На фоне общей катастрофы заботы о личном имуществе уходили на второй план, например, у судового плотника Д.И. Кудрявцева: «Я хотел было (по старой морской традиции. –
– Заливает, – говорю я Голубеву.
– Нет, – отвечает Голубев, – это ее откачивают.
Но потом мы увидали, что вода уже под нашими ногами. Я решил все-таки сходить за своими теплыми вещами в твиндек. Там вода уже поднялась до уровня стола. Электричество еще горело, так как работала аварийка. Посмотрел я, покачал головой и вернулся обратно, чтобы успеть выскочить на лед… Когда судно погибало, не было никакой паники, криков, ругани. Помню, когда я жил еще в деревне и там случился пожар, то было больше паники и рева, чем в такой большой опасности, в которую мы попали» (Там же, с. 319–320). В сходном положении оказался буфетчик В.С. Лепихин: «Когда схлынула горячка и продукты были оттащены от гибнущего судна, я решил идти в твиндек, чтобы взять свой чемодан. В твиндеке было темно. Точно акробат, пробираясь по столу, скамейкам, койкам, чиркая спички, я добрался до своего места и вынес чемодан… Раскрыты покинутые каюты. Растопырены двери камбуза. В кухне валяется забытая посуда. Посуда, подумал я, посуда! Ведь на льду посуды не будет, из чего есть станем? Что ребята скажут? Ведь я буфетчик команды и должен обеспечить их посудой! Я отбросил чемодан и побежал в буфет… Начал хватать с полок миски, тарелки, чашки, ложки, вилки. Всю посуду складывал в ведро и кастрюли. Эх, всего не забрать, черт!.. Несколько раз выбирался на лед, пока все вынес. А пока я в последний раз бросился к буфету, ноги зашлепали по воде…» (Там же, с. 317–318).

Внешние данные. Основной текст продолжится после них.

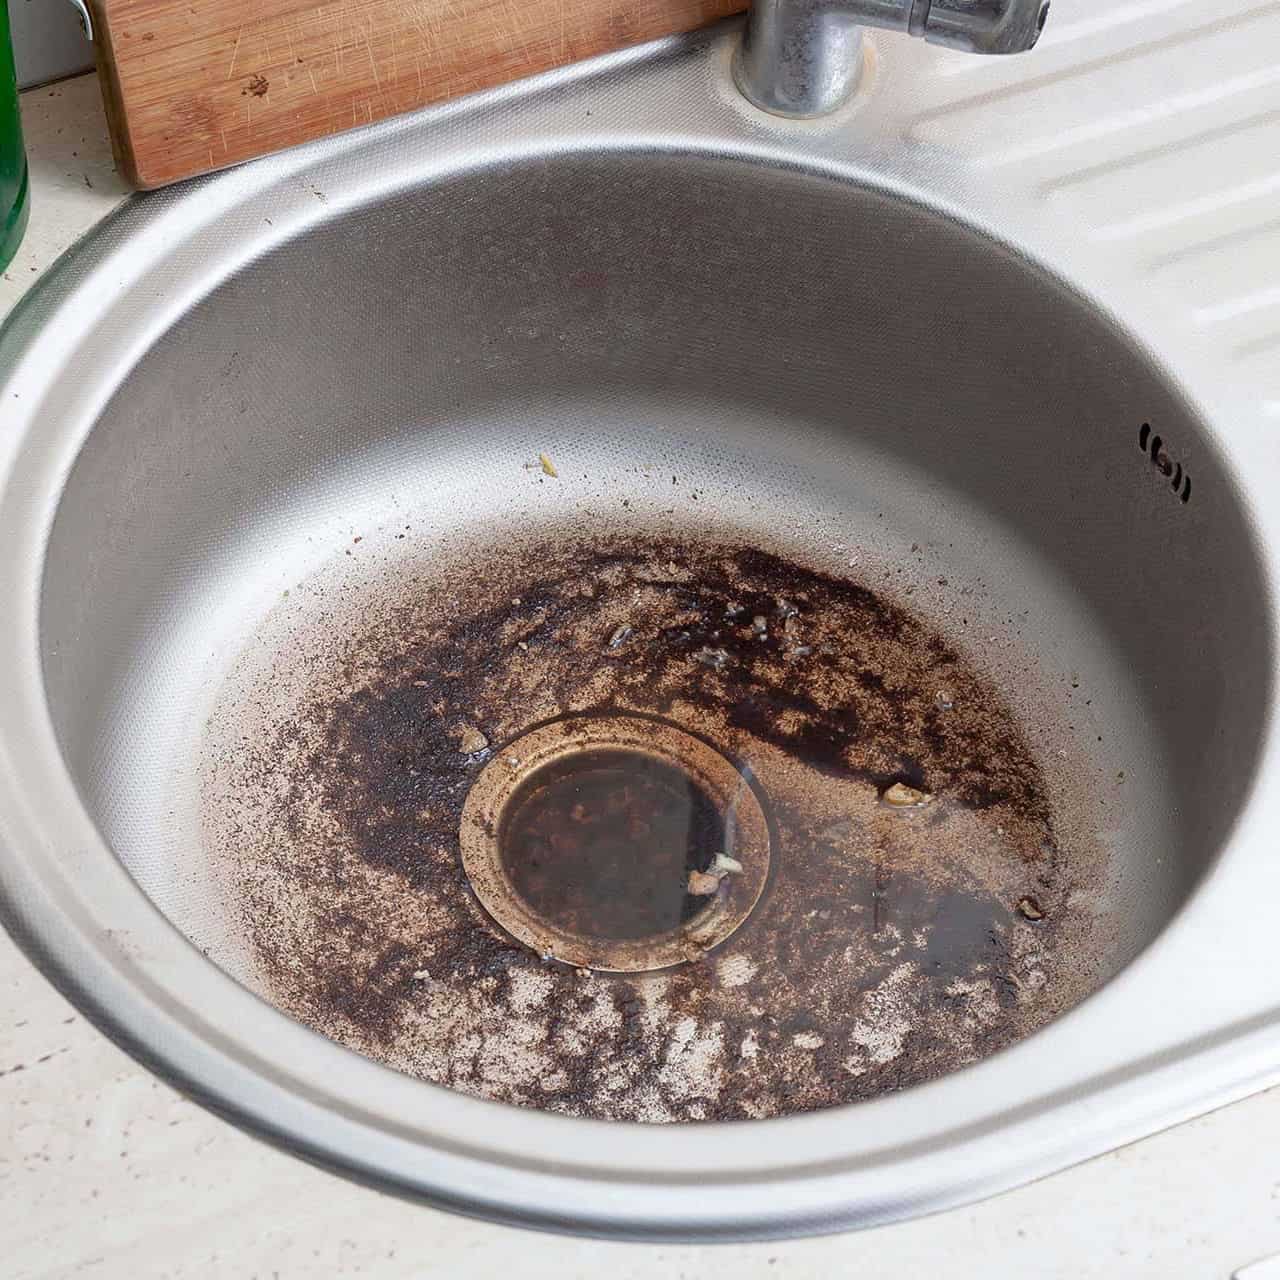 Can Snaking a Drain Make it Worse?

Особая работа при гибели судна досталась кинооператору Аркадию Шафрану. Поначалу начавшееся торошение привлекло его внимание лишь как некое экзотическое явление, последствия которого в тот момент он едва ли мог предвидеть. Лишь приказ капитана: «Зовите всех выгружать продовольствие!» – вернул его к текущей прозе. «Скатываюсь по трапу на лед и начинаю оттаскивать продовольствие. Неожиданно замечаю, что нос судна стал погружаться. В голове мелькнула мысль об аппаратуре, о съемках. Бегу обратно на судно по нижней палубе. Каюта с открытой дверью, в каюте – лед!..
…Перетаскиваю аппарат на лед. Работать очень трудно. Ветер сильно бьет, засыпает объектив снегом. Линзы объектива с приближением глаза потеют и покрываются тонкой корочкой льда. Навести на фокус почти невозможно… “Челюскин” погружается все больше и больше. Кончилась пленка. Делаю попытку перезарядить. Сам удивляюсь, что на таком морозе и ветре удается это сделать. Пришлось бросить рукавицы и голыми руками держать металл. Продолжаю снимать, а в перерывах между планами подтаскиваю ящики. Руки и лицо окоченели. Нет больше сил дальше снимать… Слышу крики:
– Аркадий! Скорей! Судно погружается.
Опять к аппарату. Снимаю последний момент. Корма приподнимается, показывает руль и винт, из трюмов вырывается столб черной угольной пыли. Через несколько секунд судна уже нет» (Там же, с. 238–239).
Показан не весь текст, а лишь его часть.